我有一个从数据库中两个字段读取的值字典:字符串字段和数字字段。字符串字段是唯一的,因此它是字典的关键字。

我可以按关键字排序,但如何根据值排序?

注意:我在这里读过堆栈溢出问题。如何根据字典的值对字典列表进行排序?并且可能会更改我的代码,使其具有字典列表,但由于我确实不需要字典列表,我想知道是否有更简单的解决方案来按升序或降序排序。


当前回答

字典无法排序,但您可以根据它们构建排序列表。

字典值的排序列表:

sorted(d.values())

按值排序的(键、值)对列表:

from operator import itemgetter
sorted(d.items(), key=itemgetter(1))

其他回答

如果值是数字,则还可以使用集合中的计数器。

from collections import Counter

x = {'hello': 1, 'python': 5, 'world': 3}
c = Counter(x)
print(c.most_common())

>> [('python', 5), ('world', 3), ('hello', 1)]    

这是一个在d.values()和d.keys()上使用zip的解决方案。此链接(在Dictionary视图对象上)下面的几行是:

这允许使用zip()创建(value,key)对:pairs=zip(d.values(),d.keys())。

因此,我们可以执行以下操作:

d = {'key1': 874.7, 'key2': 5, 'key3': 8.1}

d_sorted = sorted(zip(d.values(), d.keys()))

print d_sorted 
# prints: [(5, 'key2'), (8.1, 'key3'), (874.7, 'key1')]

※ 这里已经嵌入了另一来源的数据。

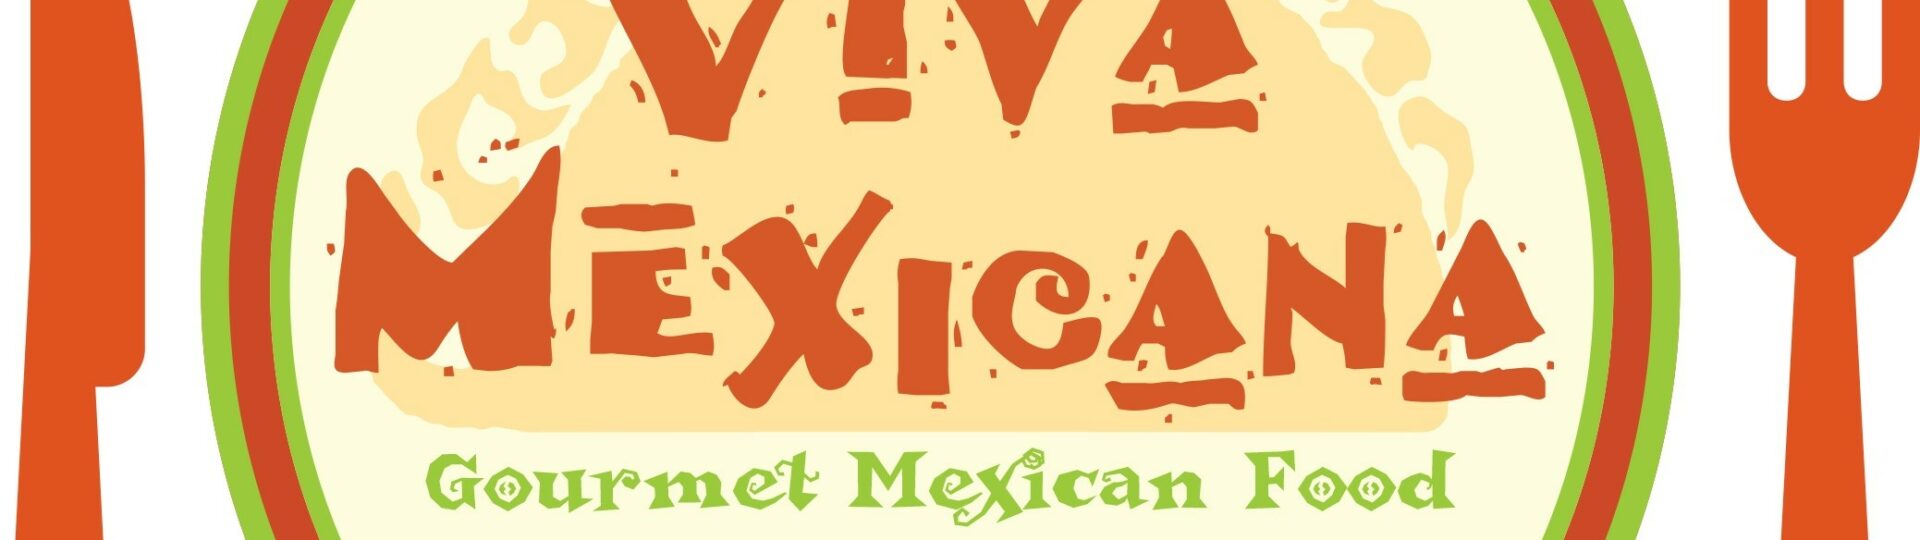 viva mexicana gourmet mexican food. sebastopol, ca est. 1986
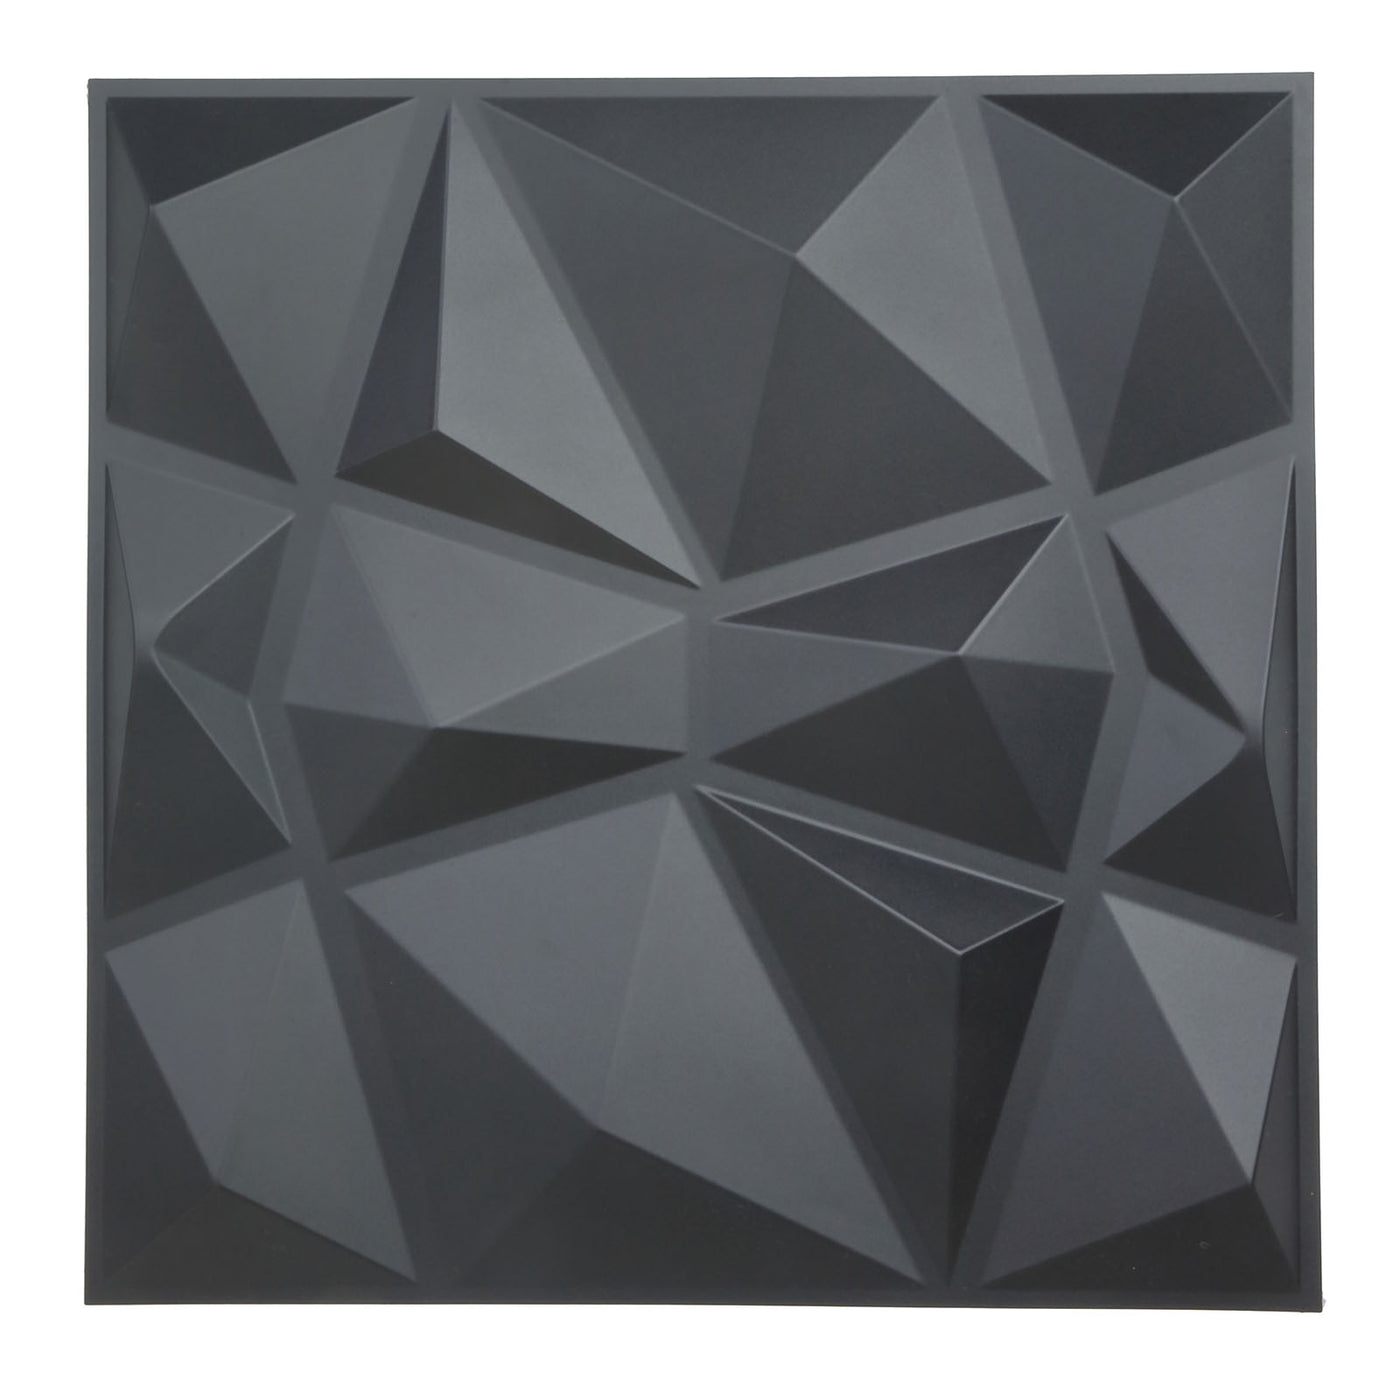 12-Pack Matte Black 3D Diamond Wall Panels | eFavormart.com

为了完整起见,我发布了一个使用heapq的解决方案。注意,此方法适用于数值和非数值

>>> x = {1: 2, 3: 4, 4:3, 2:1, 0:0}
>>> x_items = x.items()
>>> heapq.heapify(x_items)
>>> #To sort in reverse order
>>> heapq.nlargest(len(x_items),x_items, operator.itemgetter(1))
[(3, 4), (4, 3), (1, 2), (2, 1), (0, 0)]
>>> #To sort in ascending order
>>> heapq.nsmallest(len(x_items),x_items, operator.itemgetter(1))
[(0, 0), (2, 1), (1, 2), (4, 3), (3, 4)]

尝试以下方法。让我们用以下数据定义一个名为mydict的字典:

mydict = {'carl':40,
          'alan':2,
          'bob':1,
          'danny':3}

如果要按关键字对字典进行排序,可以执行以下操作:

for key in sorted(mydict.iterkeys()):
    print "%s: %s" % (key, mydict[key])

这将返回以下输出:

alan: 2
bob: 1
carl: 40
danny: 3

另一方面,如果想要按值对字典进行排序(如问题中所问),可以执行以下操作:

for key, value in sorted(mydict.iteritems(), key=lambda (k,v): (v,k)):
    print "%s: %s" % (key, value)

此命令的结果(按值对字典进行排序)应返回以下内容:

bob: 1
alan: 2
danny: 3
carl: 40
months = {"January": 31, "February": 28, "March": 31, "April": 30, "May": 31,
          "June": 30, "July": 31, "August": 31, "September": 30, "October": 31,
          "November": 30, "December": 31}

def mykey(t):
    """ Customize your sorting logic using this function.  The parameter to
    this function is a tuple.  Comment/uncomment the return statements to test
    different logics.
    """
    return t[1]              # sort by number of days in the month
    #return t[1], t[0]       # sort by number of days, then by month name
    #return len(t[0])        # sort by length of month name
    #return t[0][-1]         # sort by last character of month name


# Since a dictionary can't be sorted by value, what you can do is to convert
# it into a list of tuples with tuple length 2.
# You can then do custom sorts by passing your own function to sorted().
months_as_list = sorted(months.items(), key=mykey, reverse=False)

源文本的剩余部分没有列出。